A mobile Europe

November 20, 2016

    The city – Minsk, Belarus

    Minsk, the capital of Belarus, was officially founded in 1067 and during the past millennium it has been part of Lithuania, Poland and Russia. In 1941 Nazi Germany invaded the city but the inhabitants resisted, 80% of the houses were destroyed and the population was reduced to a bleak 50,000. Minsk’s resistance did not go unnoticed as the entire city was awarded the Soviet Honorary award of Hero City for outstanding bravery in 1974. The city was rebuilt during the following decades in the Stalinist architectural style, with broad avenues, wide squares and large uniform buildings. The end of the Second World War’s end also marked the beginning of Minsk’s rapid industrialisation and growth. Since the fall of Communism there has been significant improvements to the city’s infrastructure and transport system to support the growing population. Today the city’s 2 million inhabitants can travel around thanks to a network of trams, trolleybuses, trams, metro lines and rail routes- connecting the city center to the suburbs, other cities across Belarus and to other Eastern European capitals.

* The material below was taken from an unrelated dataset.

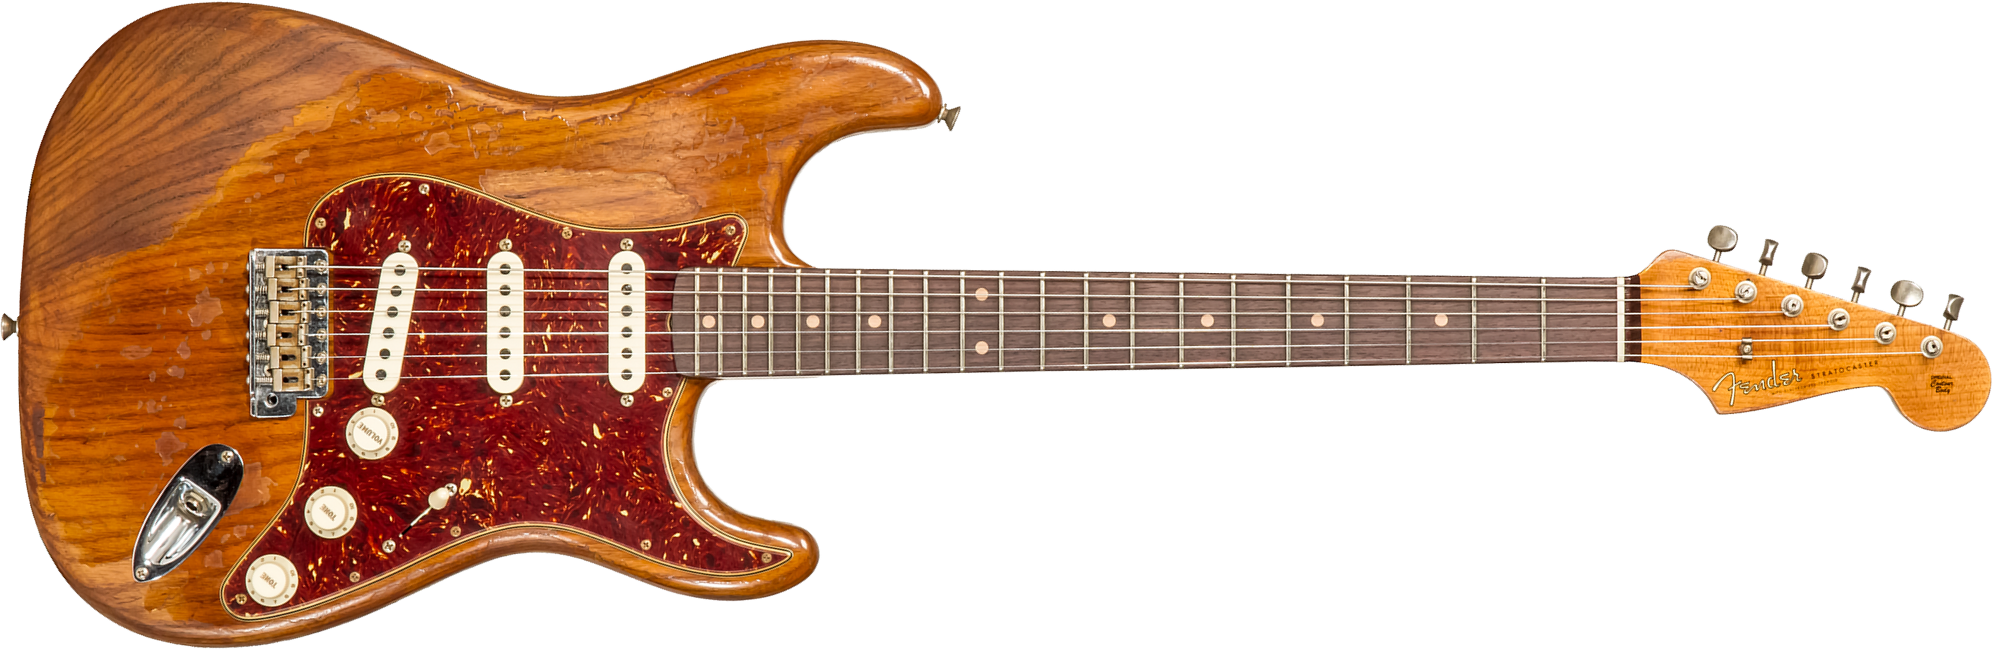 Fender Custom Shop Strat 1961 3s Trem Rw #cz570266 - Super Heavy Relic Natural - Guitarra eléctrica con forma de str. - Main picture

    The Ambassador – Anton

    Anton, the Community Ambassador from Belarus’s capital works at a Non Governmental Organization in the sustainability sphere.  He is responsible for development and implementation of EU-funded projects in the field of urban mobility. “Transport innovations play a significant role for me… I travel a lot around Belarus as well as Europe.” Anton explains. With Anton’s profession in mind, it seems only natural that he would find Moovit and its Community, “It is a really great example of how assiduous people can be if you give them the right tools (The Editor platform).” Anton initially downloaded Moovit but did not use the app often, this changed when he travelled to the Netherlands. “I was impressed how useful it can be and how easy I could navigate in the country because of Moovit. After this trip I wanted to make navigation in Belarus as convenient.” He reveals.

    Acknowledging the complexity of the public transport network across the capital city, Anton points out that within his local Community, “…the main challenge is to inspire editors that it is possible to fix all of the issues.” He is already planning his next mission, to begin connecting satellite towns to the Minsk metropolitan area. Anton’s involvement with the Community extends beyond Minsk, he connected Moovit with several agencies across Belarus, who then went on to map their transit systems. “Anton has been and continues to be a huge help to communication between Moovit and the transit agencies in Belarus,” stated Community Manager Gabriella. Anton talks with pride about just one of these cities, Polotsk. “Before Moovit the city didn’t have any transportation app and now it has the best one!” Finally, Anton believes the future is bright for public transport users across Belarus, “Just a few cities have transport apps thus Moovit could easily spread around the country.”